Mo Hunt – Eeva Mägi (Estonia)
Eeva Mägi’s third instalment in her Mo trilogy (so far comprising Mo Papa and Mo Mamma) is being produced by Sten-Johan Lill and Mägi herself for Kinosaurus Film and Kultuurikuur. The 90-minute, Estonian-language thriller follows Kore, a young ballerina, who agrees to become an illegal surrogate for a middle-aged priest, recasting her body as a form of sacrifice. Her boyfriend Kaljo supports her, but their bond begins to fray. On an isolated island before conception, tension rises and power relations blur, raising questions about who is using whom, and what is ultimately being sacrificed. The project suggests a psychologically charged chamber thriller built around bodily control, desire and manipulation.
The Daughters – Daniel Romero Bueno (Spain/UK)
The 95-minute, Spanish-language film noir-cum-thriller is being produced by Tamara Garcia Iglesias and Ferran Tomas Olalla for Atakeleun, La Verneda Films and La Charito Films. The plot is as follows: one night, a 20-year-old woman is kidnapped by a stranger. The following morning, she wakes up in a house deep in the woods, where three other young women live and behave like the kidnapper’s daughters. As she begins to understand the rules of this closed world, she realises that her destiny is to become one of them. The project appears to combine captivity-thriller mechanics with a noir atmosphere and a disturbing study of coercion.
Dead Dad Girl – Stephen Korytko (Luxembourg/Belgium)
Produced by Bernard Michaux, Benoît Roland, John Altschuler and Dave Krinsky for Samsa Film and Wrong Men, this 82-minute, English-language dark comedy centres on Memphis, 17, who is alive and well; her father, however, is dead – hidden-in-a-freezer dead. After he dies of a heart attack, she decides to conceal the body in order to preserve her place among the cool kids at school. The feature promises a sharp, macabre coming-of-age comedy about popularity, denial and the absurd lengths to which teenagers may go to protect their social status.

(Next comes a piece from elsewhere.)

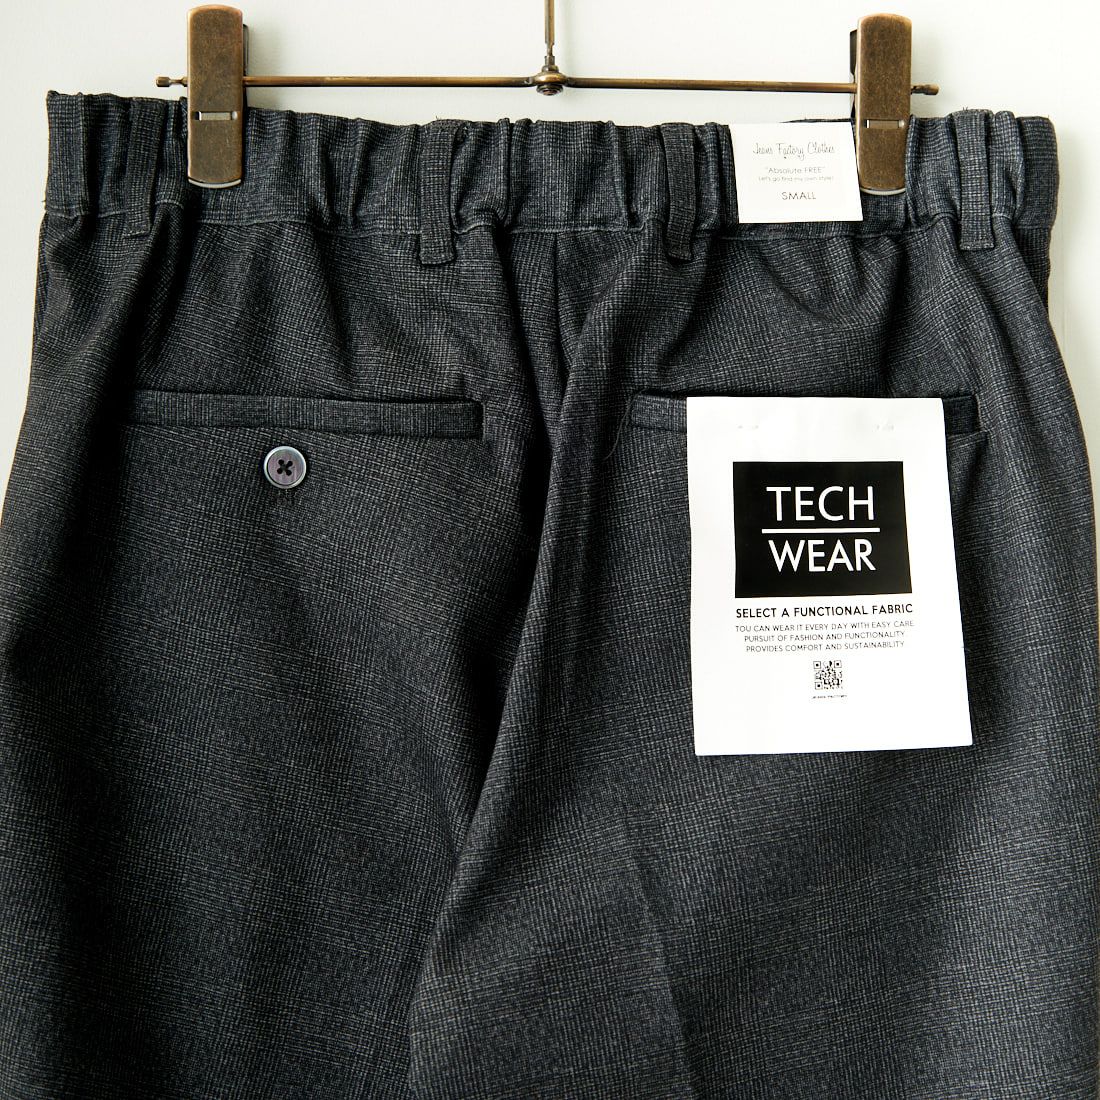 Jeans Factory Clothes [ジーンズファクトリークローズ] テックポンチ 1Pイージースラックス [JFC-242-017] 4 GRYｸﾞﾚﾝﾁ

Lost Son – Edson da Conceicao (Netherlands/Belgium)
This 110-minute, Dutch-language drama film is being produced by Nicky Onstenk and Marc Bary for IJswater Films and Caviar. The story begins when Winston’s son is killed in a robbery. The man becomes convinced that a troubled addict is responsible. Driven by grief and a desire for justice, he secretly forms an unexpected bond with the young man, gradually becoming the father figure he never was to his own son. The movie looks set to explore guilt, projection and the emotional distortions of mourning through a morally complex relationship.
At Your Service – German Golub (Estonia/Germany)
Staged by Evelin Penttilä, Marcos Kantis and Melanie Blocksdorf for Stellar Film and Schiwago Film, this 100-minute tragicomedy is spoken in Estonian and Russian, and is set to be completed by 2026. The plot follows an Estonian police officer working in a small town near the Russian border who finds herself trapped after a family member commits a crime. Forced to choose between saving her family, her career and herself, she decides to try to do all three. The project suggests a tense but darkly comic portrait of divided loyalties, institutional duty and life on a politically charged border.